EKS Backup and Restore with Velero

Velero is an open-source tool that allows for easy backup and restore of an EKS cluster at the application level. The process begins with installing Velero on the EKS cluster using the Helm package manager and then configuring it to connect to the storage backend (for storing backups) and to the etcd key-value store (for storing the Kubernetes cluster state).

Creating a backup through Velero leverages the Kubernetes API to query the current state of the cluster and create Custom Resource Definition (CRD) objects to manage the backup process. The restoration process also relies on the Kubernetes API for retrieving the backup data stored in a secure location and using it to recreate the cluster or specific resources such as Deployments, Services, ConfigMaps, and Persistent Volume Claims.

Using Velero as backup solution over other options has several advantages, including:

Velero can backup not only the EBS volumes but also other resources in the cluster such as ConfigMaps, Secrets and Persistent Volume Claims
Backup multiple clusters across different regions and accounts, making it a good option for multi-cluster and multi-cloud environments
Offering more granular control over your backup processes by allowing backup and restoration of entire clusters or specific resources within a cluster
Perform disaster recovery by restoring a cluster to a different cluster or cloud provider
Velero leverages a Kubernetes native design that allows it to integrate seamlessly with other Kubernetes resources and workflows
The approach also supports backing up and restoring to and from different storage classes, which can be useful in scenarios where you need to move data between regions or cloud providers

How to Back Up and Restore an EKS Cluster with Velero Step by Step

The following demo outlines the steps to back up and restore an EKS cluster using Velero and an AWS S3 bucket. The walkthrough involves backing up and restoring both the application definition and cluster state using a PVC.

Prerequisites

AWS account with permissions to create and manage service accounts
EKS clusters (Two EKS clusters: the primary and recovery)
S3 bucket for backup storage
eksctl v0.123.0 or higher
AWS CLI version 2
kubectl, Helm v3

1. Storage Bucket & Policy Setup

In this step we will show how to create an S3 bucket and set up an IAM policy for Velero backups on an Elastic Kubernetes Service (EKS) cluster. While the S3 bucket will act as the storage location for Velero backups, the IAM policy will grant Velero the necessary permissions to access and manage the backups in the S3 bucket.

Create S3 bucket to store backups

Here we’ll create the S3 bucket that will store our EKS backup copy.
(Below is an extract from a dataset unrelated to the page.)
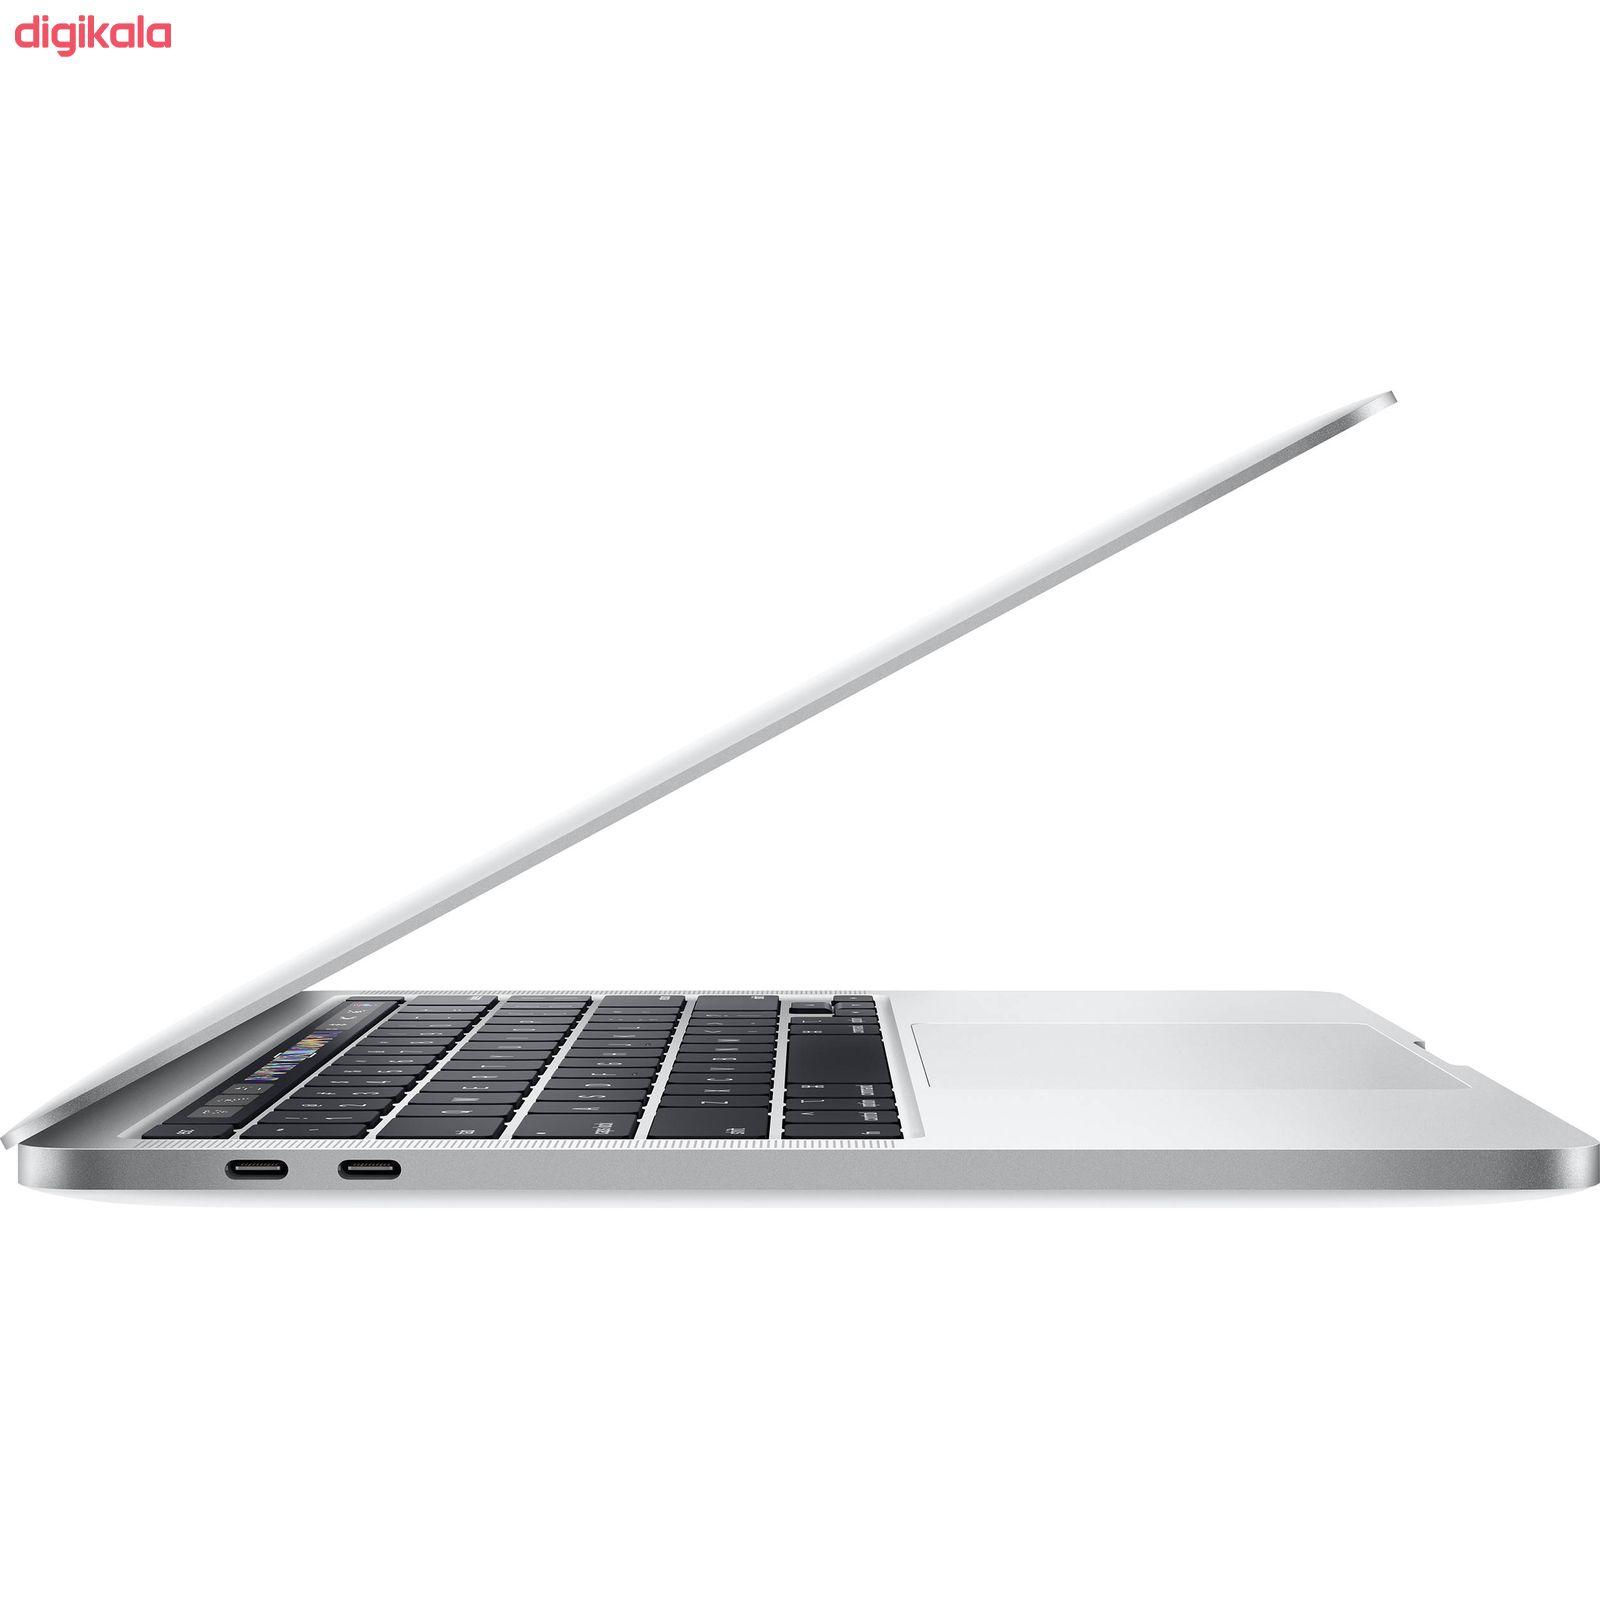 لپ تاپ 13 اینچی اپل مدل MacBook Pro MWP82 2020 همراه با تاچ بار  main 1 2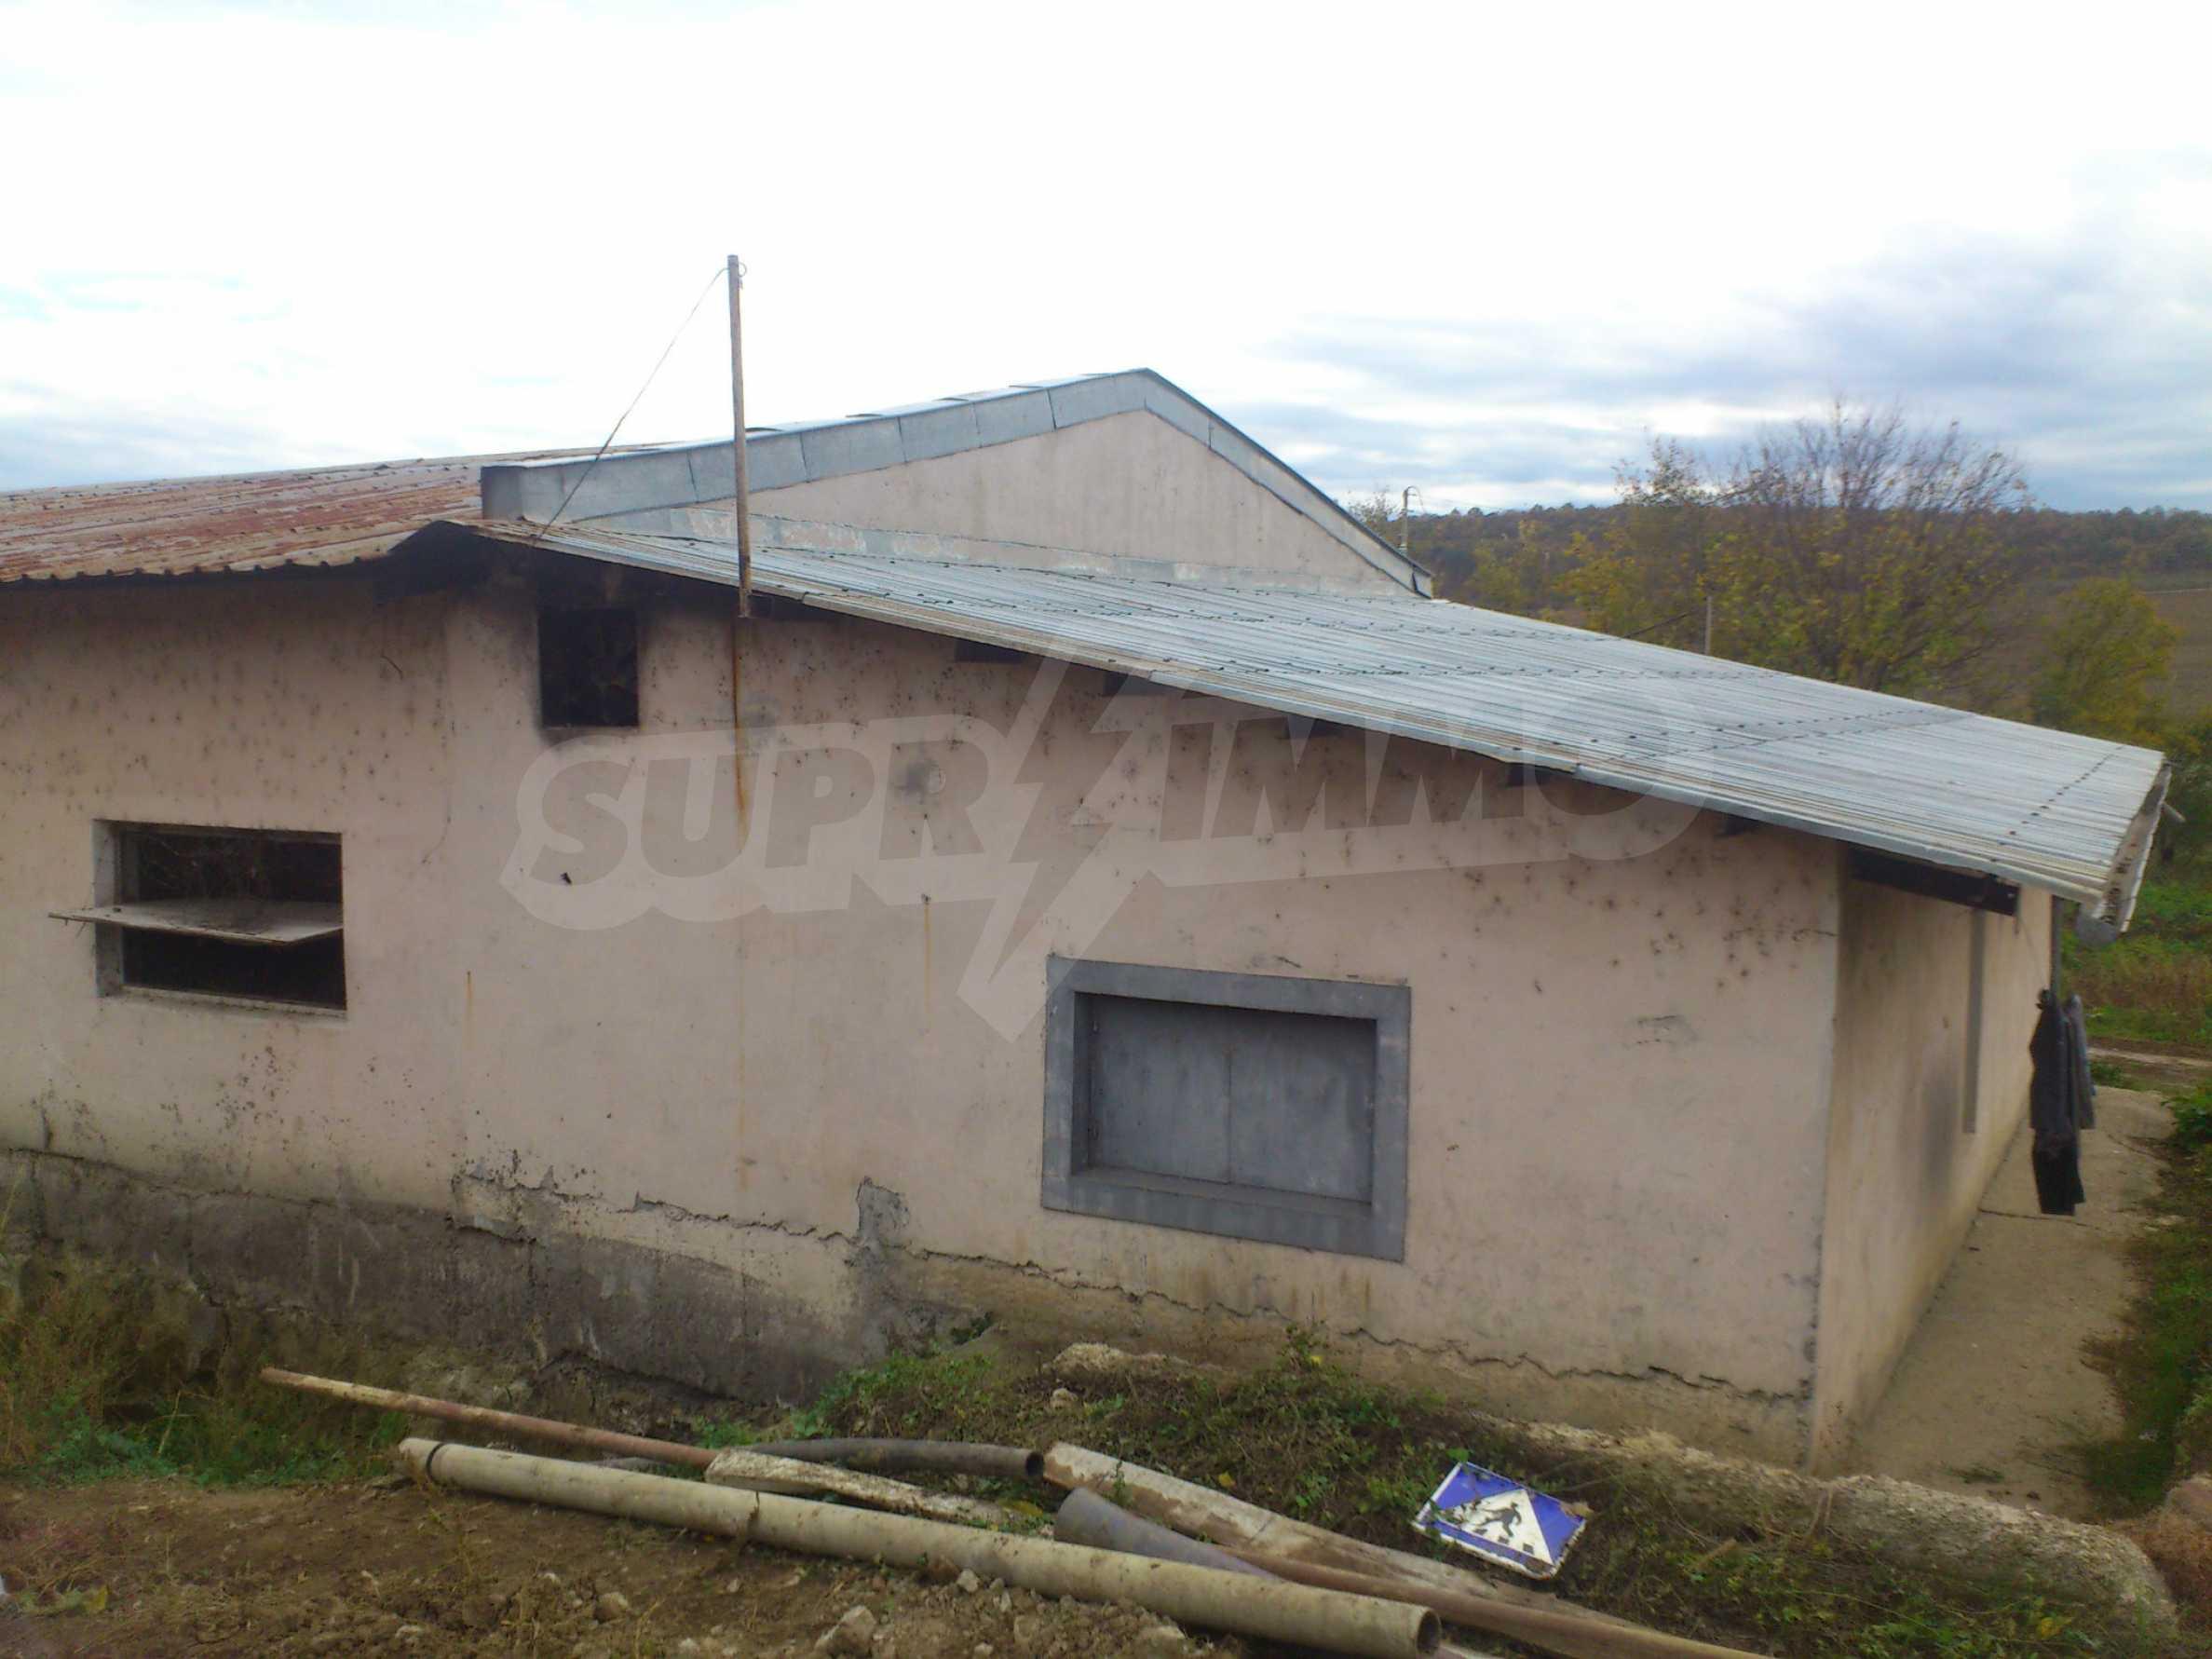 Neues Bauernhaus in einem Dorf in der Nähe von Veliko Tarnovo 15

To declare the unique S3 bucket name and appropriate AWS region as environment variables in a Linux or MacOS terminal, you can use the command:

export BUCKET=<YOUR_BUCKET_NAME>
export REGION=<YOUR_AWS_REGION>

For the purpose of this demo, we use the following:

export BUCKET=darwin-eks-velero-backups
export REGION=ap-northeast-1

Create the S3 bucket by using this command:

$ aws s3 mb s3://darwin-eks-velero-backups$BUCKET --region $REGION

Once the S3 bucket is created successfully, the following output is returned:

make_bucket: darwin-eks-velero-backups

Create an IAM policy to grant Velero permissions

To perform snapshots and save backups, Velero needs to make various API calls to the S3 bucket and EC2 instances. In this step we’ll create the IAM policy to grant Velero permission to do that.

Quick note: There are different ways to write an IAM policy to grant Velero the necessary permissions. The exact policy you need may depend on your specific requirements and use case. For example, you can use wildcard characters (“*”) to grant permissions on all resources. You can also limit the permissions based on specific resource ARNs by tagging those directly in the policy document.

You can also use AWS's predefined policies, for example, the AmazonS3FullAccess policy, which grants Velero full access to the S3 bucket and its objects.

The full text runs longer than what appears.